Van Veldhoven, according to Heighes, used recitatives from a passion by
Marco Giuseppe Peranda (1625-1675) "in order that the listener can clearly
distinguish where the real Bach begins and ends", which seems to be a
laudable aim in a reconstruction, even though it seems to me he could have
achieved the same effect with spoken recitation (as some other St. Mark
reconstructors have suggested).
> Are the reconstructions of the St. Mark Passion by Roy Goodman and by Ton
> Koopman completely different works
Yes. See below.
> or are there any similarities?
> (performance aside). They are both based on the "parody" technique
> (highly questionable, considering that neither the SJP or SMP are parody
> works).
It's not all that questionable, IMO. It makes perfect sense for Bach to
have recycled music written for a one-off performance like the Trauer-Ode
into a work for regular use. The comparison wouldn't be the St. John or St.
Matthew but the Christmas Oratorio, which is also largely based on cantatas
composed for special occasions. And just like the Christmas Oratorio, one
might surmise that this wasn't a post-factum decision, but that Bach and
Picander planned it that way right from the start. Certainly Picander's
libretto for the St. Mark fits a lot of the music from the Trauer-Ode like
a glove. Such a highly consistent match in metrical structure, rhyming
scheme and affect between two works by one librettist who worked closely
with Bach is highly unlikely to have arisen purely by chance.
This is not exactly a new idea.
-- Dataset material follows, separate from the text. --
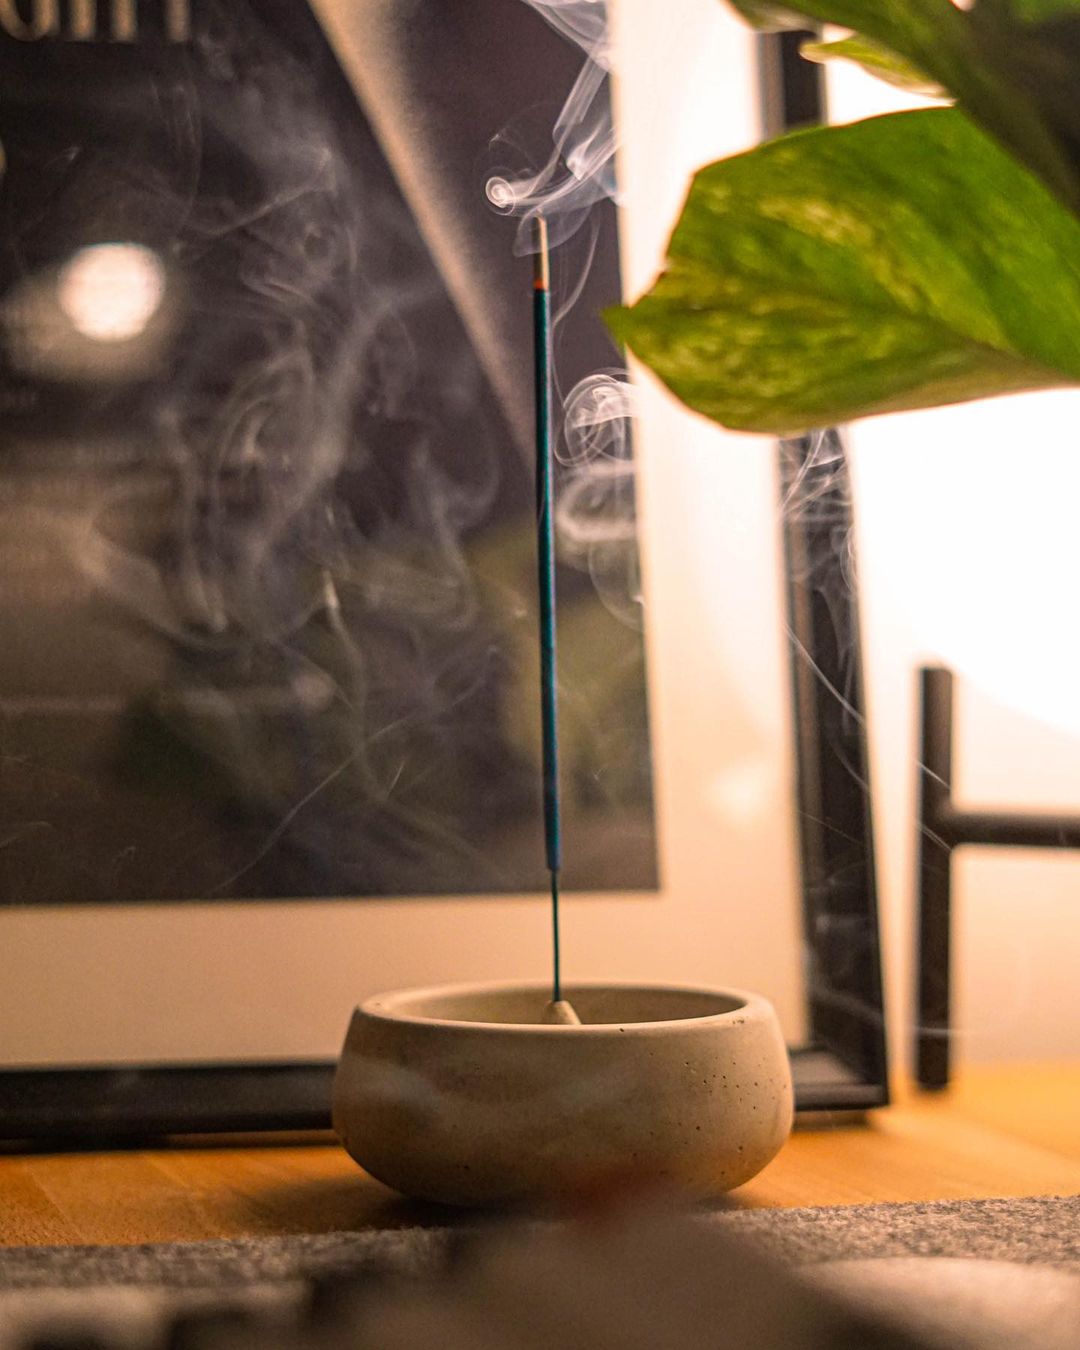 Incense burning in a clay holder on a desk. Photo by Instagram user @robert.mccombe

From Simon Heighes's notes to his own St.
Mark reconstruction (the one recorded by Goodman):
"The realisation that the St. Mark Passion was probably a parody work came
as early as the 1860s when Wilhelm Rust, the editor of many volumes of the
Bach Gesellschaft, was examining Picander's text of the St. Mark and
noticed that several of the stanzas mirrored the metrical structure and
rhyme scheme of the main choruses and arias of Bach's Trauer-Ode (cantata
198) written in 1727. He concluded that Bach must have commissioned
Picander to write the text of the St. Mark Passion in such a way that the
chief numbers of Cantata 198 could be incorporated into the new Passion
with the minimum alteration."
> Do
> they base their reconstruction on the same arias and choruses from the
> cantatas, or did each find a different set of cantata parts to parody?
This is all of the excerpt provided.